Exclude the images, then return every line below exactly as written.

[[ Dataset excerpt open ]]

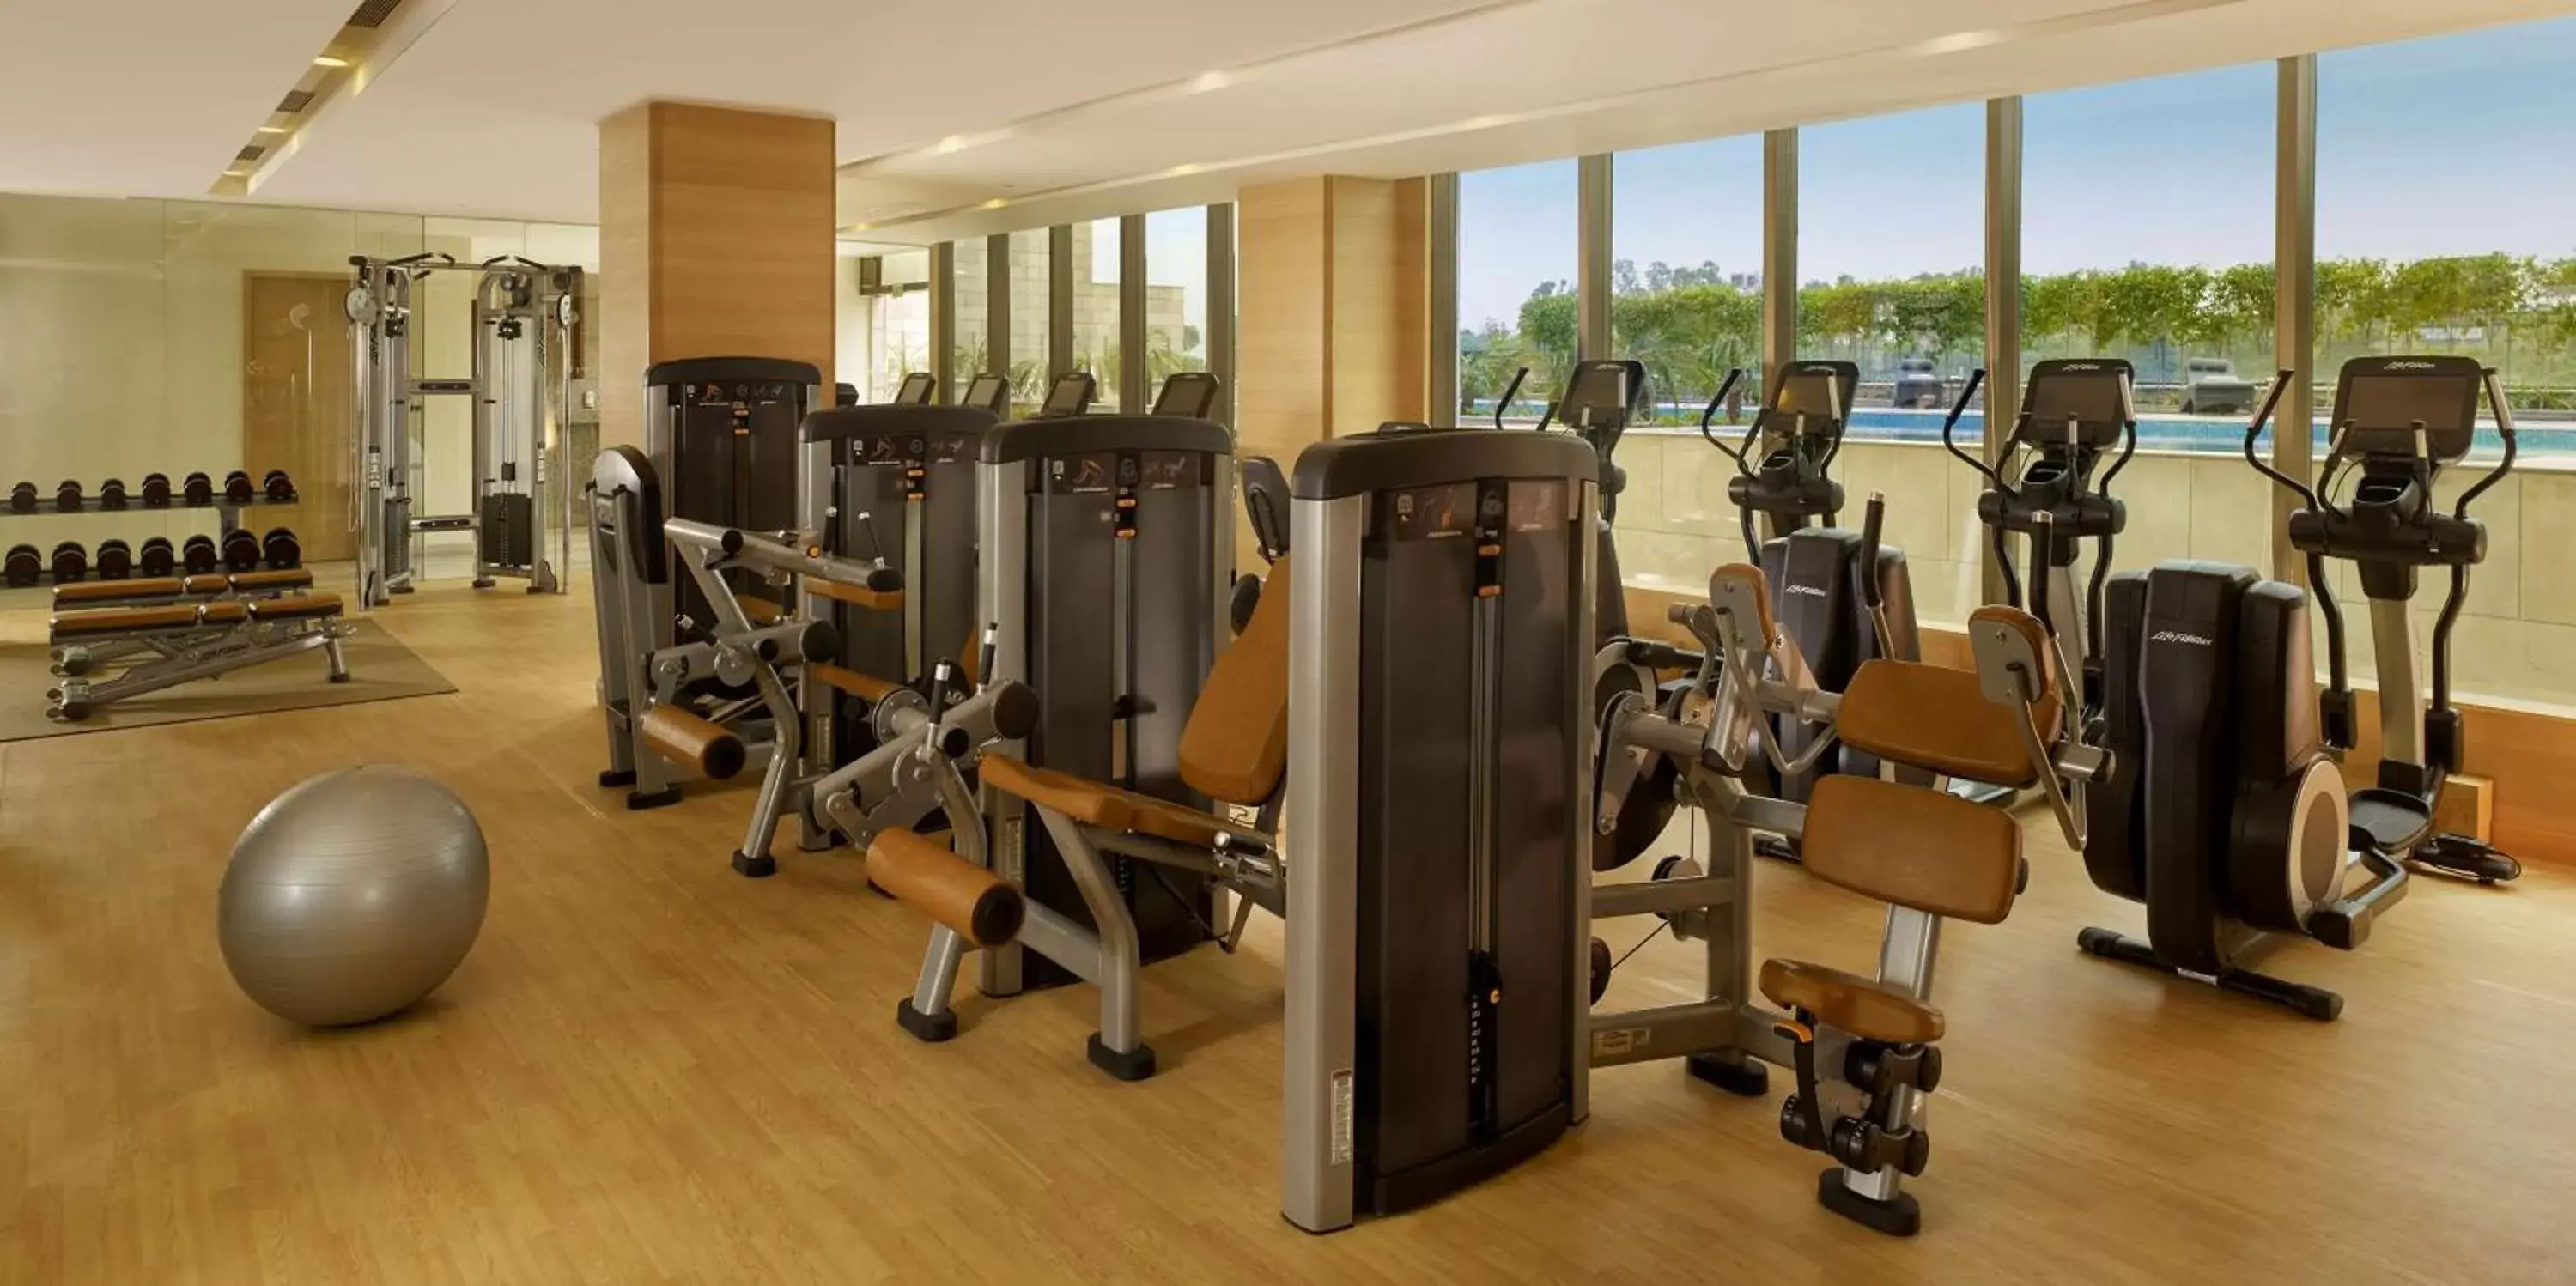 Fitness centre/facilities, Fitness Center/Facilities in Hyatt Regency Chandigarh
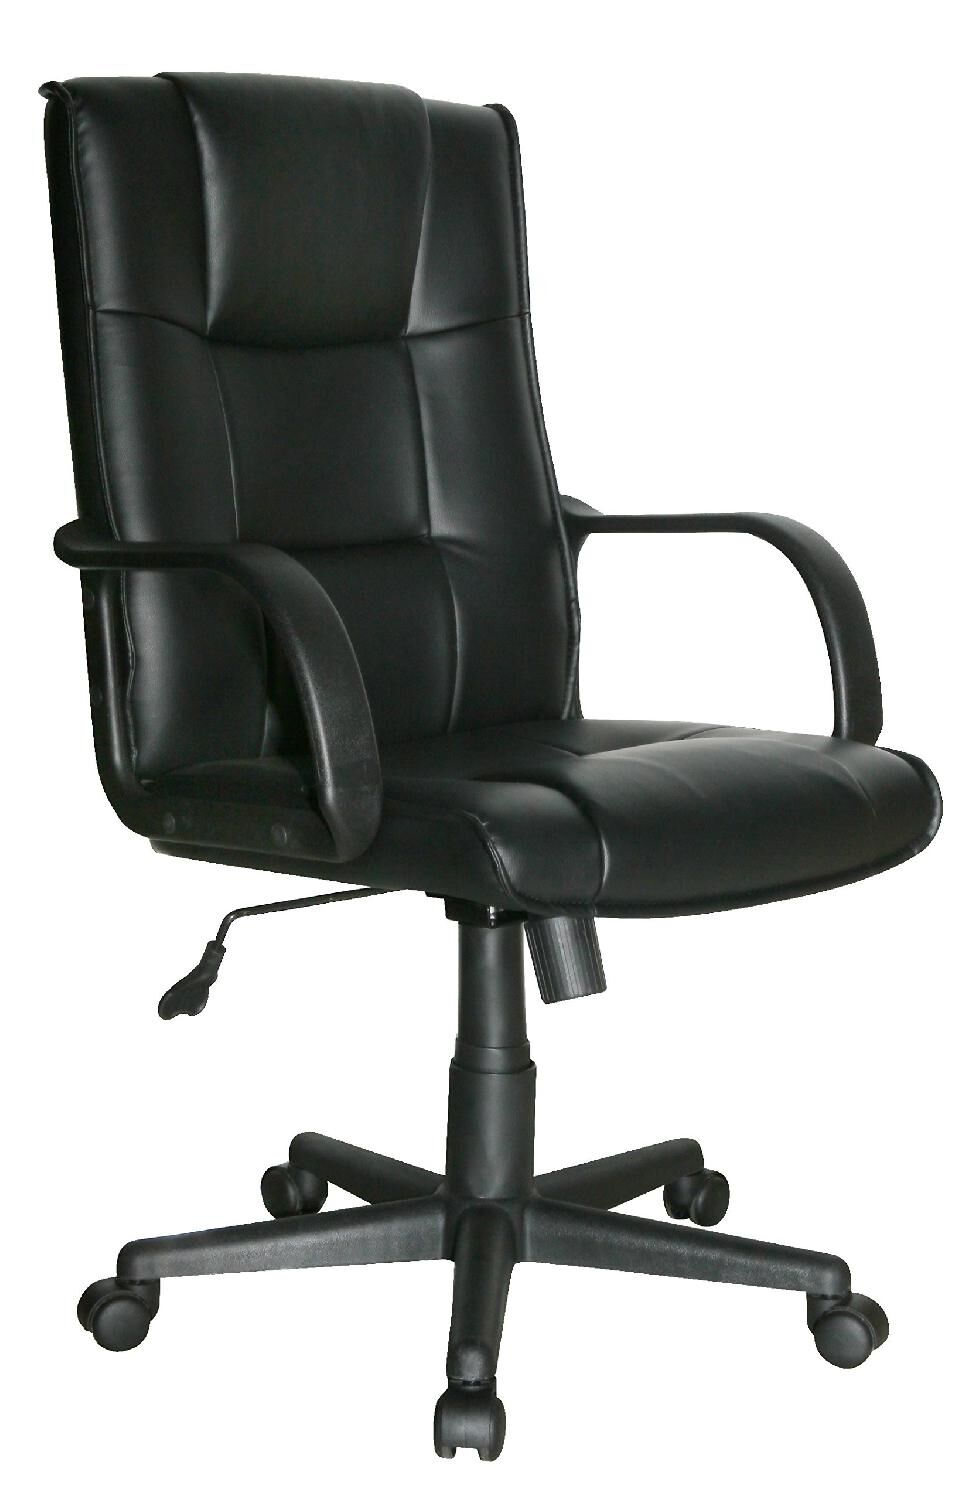 nbrand 1421 sedia ergonomica ufficio sedia da scrivania operativa con rotelle e braccioli girevole e regolabile in altezza colore nero - 1421
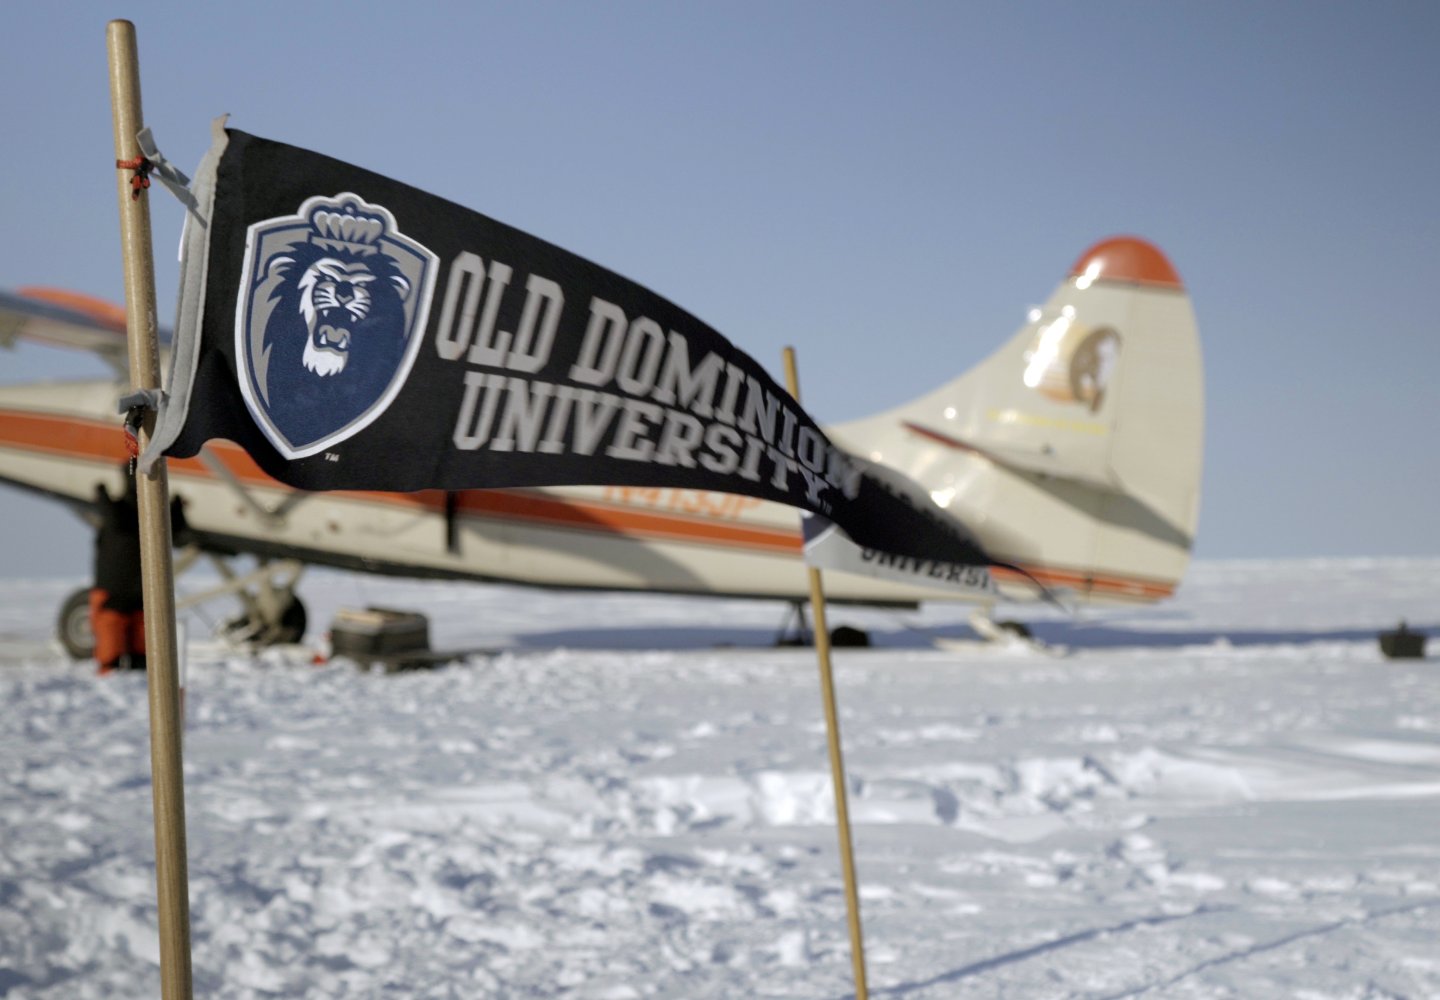 ODU Flag waving in Artic

[[ Dataset excerpt closed ]]

* _Solved problem_
 Fitness centre/facilities, Fitness Center/Facilities in Hyatt Regency Chandigarh
 nbrand 1421 sedia ergonomica ufficio sedia da scrivania operativa con rotelle e braccioli girevole e regolabile in altezza colore nero - 1421
 ODU Flag waving in Artic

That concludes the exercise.